Proceeds from the financing will be used for general working capital, and for the acquisition and exploration of the Temagami Diamond Claims, located in the Sudbury and Larder Lake Mining Divisions of Ontario.  

On March 27, 2002, 500,000 warrants at $0.45 per share expired unexercised.  Subsequently, the Exchange granted approval to extend the term of certain warrants relating to a private placement completed by the Company in May 2001.  The warrants are exercisable at a price of $0.50 per share.  The term of the warrants was extended one year and are set to expire on May 9, 2003 and June 28, 2003, respectively.  Other than the extension, the terms of the warrants remain unchanged. 

Subsequent to the quarter, the Board of Directors authorized the establishment of a Shareholder Rights Plan Agreement effective July 3, 2002. Although the Rights Plan is effective upon its adoption, in accordance with stock exchange requirements it will be submitted to the shareholders for ratification at the Company’s Annual and Extraordinary General Meeting scheduled to be held on August 12, 2002.  The Agreement has a term of 10 years, subject to confirmation by the shareholders of the Company at annual meetings immediately following the fifth and eighth anniversaries of the Effective Date.  

The Shareholder Rights Plan is designed to ensure that all shareholders receive equal treatment and to maximize shareholder values in the event of a take-over bid or other acquisition that could lead to the change in control of the Company.
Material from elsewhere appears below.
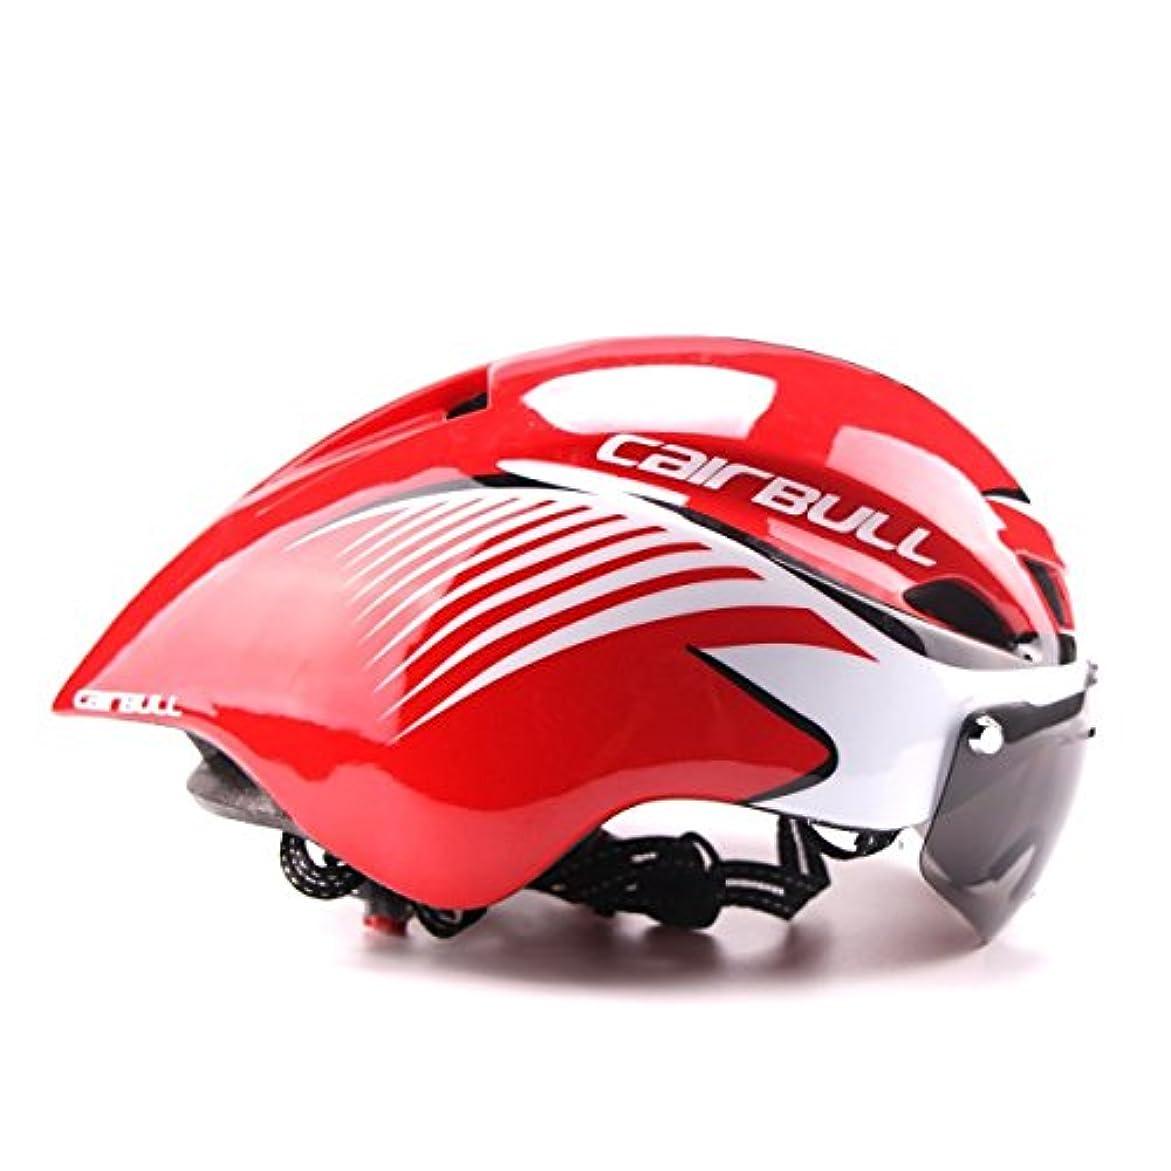 ライオン中断付添人CAIRBULL 自転車 サングラス ヘルメット サイクルヘルメット ゴーグル超軽量 自転車 ヘルメット アダルト自転車ヘルメット 取り外し可能なシールドサンバイザー付 男女兼用 5色 56cm-61cm

It is not intended to deter take-over bids. The Shareholder Rights Plan is intended to provide time for shareholders to properly assess any takeover bid and to provide the Board of Directors with sufficient time to explore and develop alternatives for maximizing shareholder value, including, if considered appropriate, identifying and locating other potential bidders.  

In making the announcement, the Company was not aware of any pending or threatened take‑over bid for the Company. 

The Company does not have any investor relations contracts.  Investor relations is managed by the Directors and includes daily contact with shareholders and attendance at industry conferences and trade shows.  Other investor relations activities include maintaining the Company’s web site, preparation and dissemination of documentation packages.   

Liquidity and solvency:

The financial statements presented in Schedule A, have been prepared on a going concern basis which assumes that the Company will be able to realize its assets and discharge its liabilities in the normal course of business for the foreseeable future.  The continuing operations of the company are dependent upon its ability to raise adequate financing, secure substantial option or joint venture partnerships and to advance project opportunities to viable operations in the future.  

 

ANNUAL AND EXTRAORDINARY GENERAL MEETING

The annual  and extraordinary general meeting of Tres-Or Resources Ltd. will be held on Monday, August 12, 2002 at Suite 1525 - 625 Howe Street, Vancouver, British Columbia.